:: WORK INSTRUCTIONS ::
Print every entry below exactly, leaving out the pictures.

Data records:
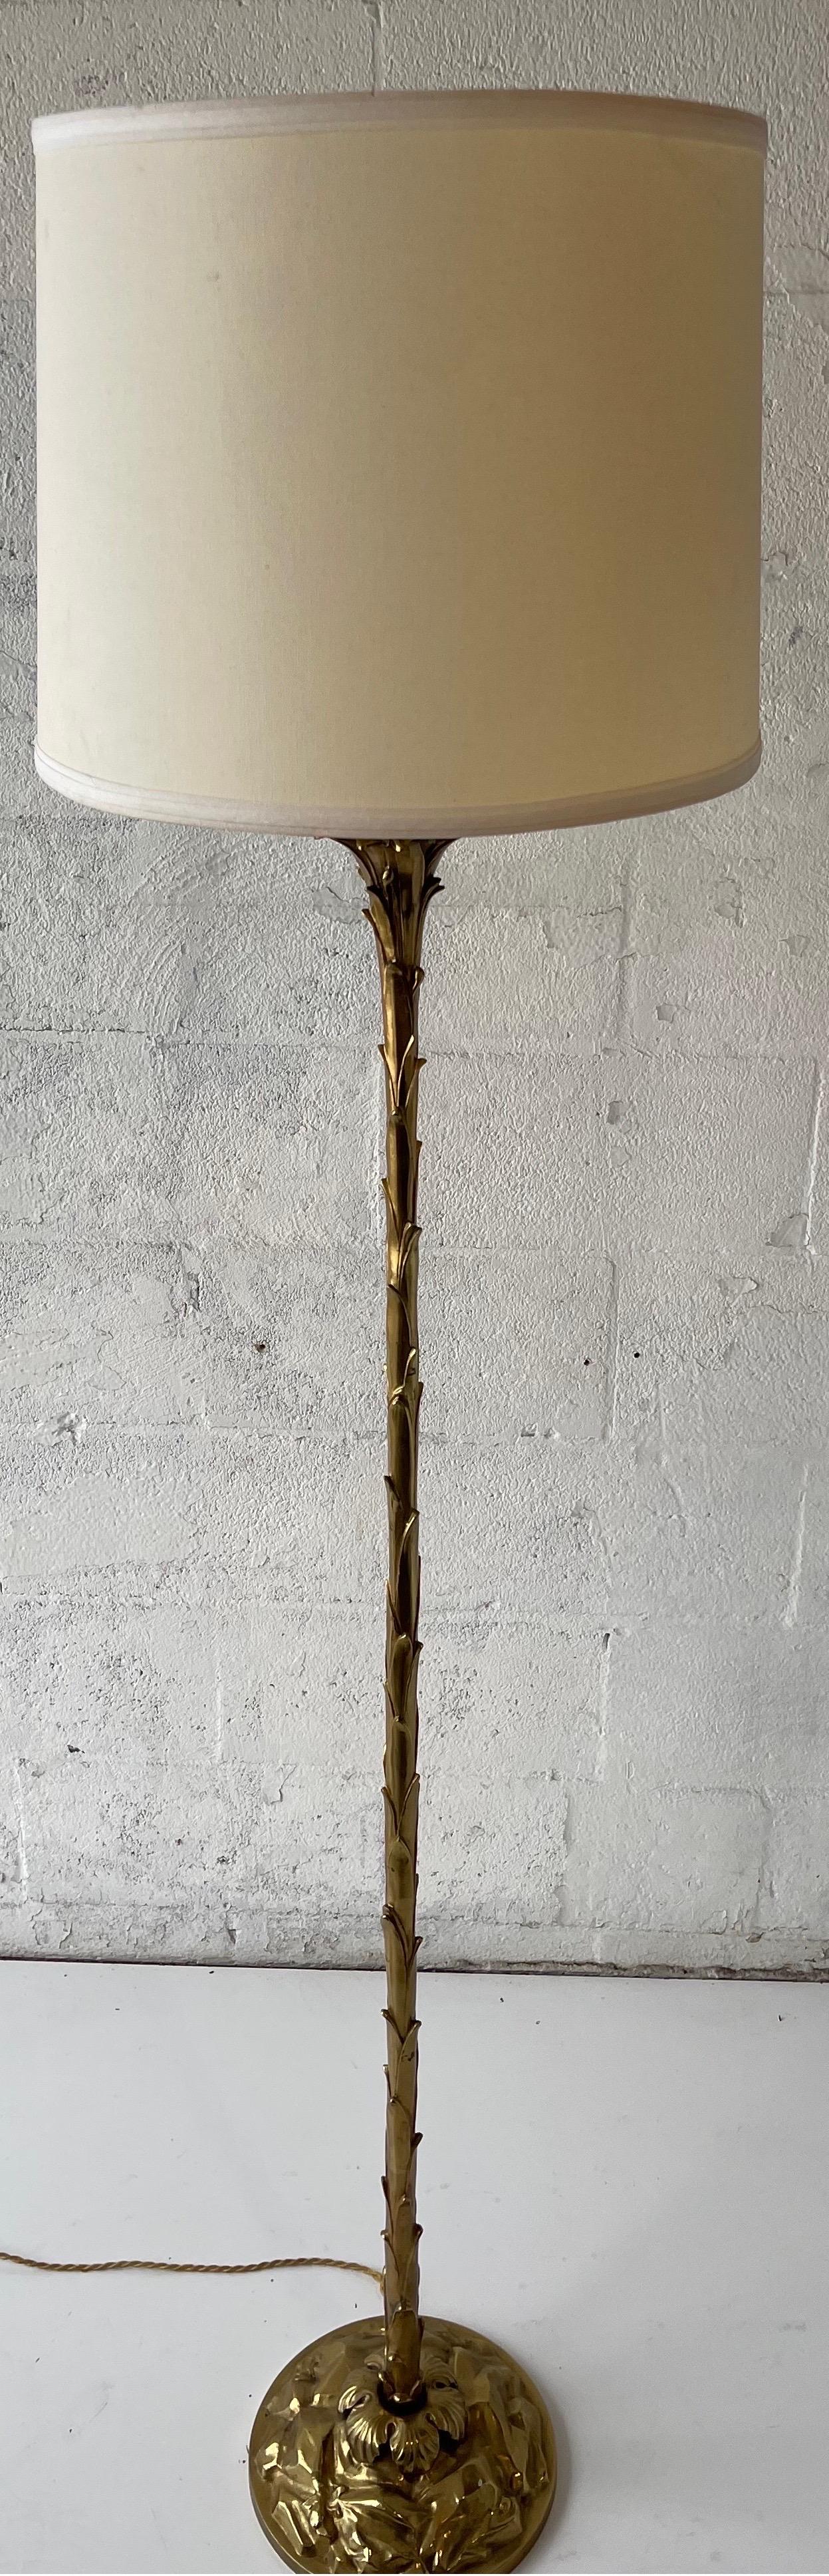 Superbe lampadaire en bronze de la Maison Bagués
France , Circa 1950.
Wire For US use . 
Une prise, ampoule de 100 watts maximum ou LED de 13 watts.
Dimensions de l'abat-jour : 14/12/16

:: WRITTEN RESPONSE ::
 Superbe lampadaire en bronze de la Maison Bagués
France , Circa 1950.
Wire For US use . 
Une prise, ampoule de 100 watts maximum ou LED de 13 watts.
Dimensions de l'abat-jour : 14/12/16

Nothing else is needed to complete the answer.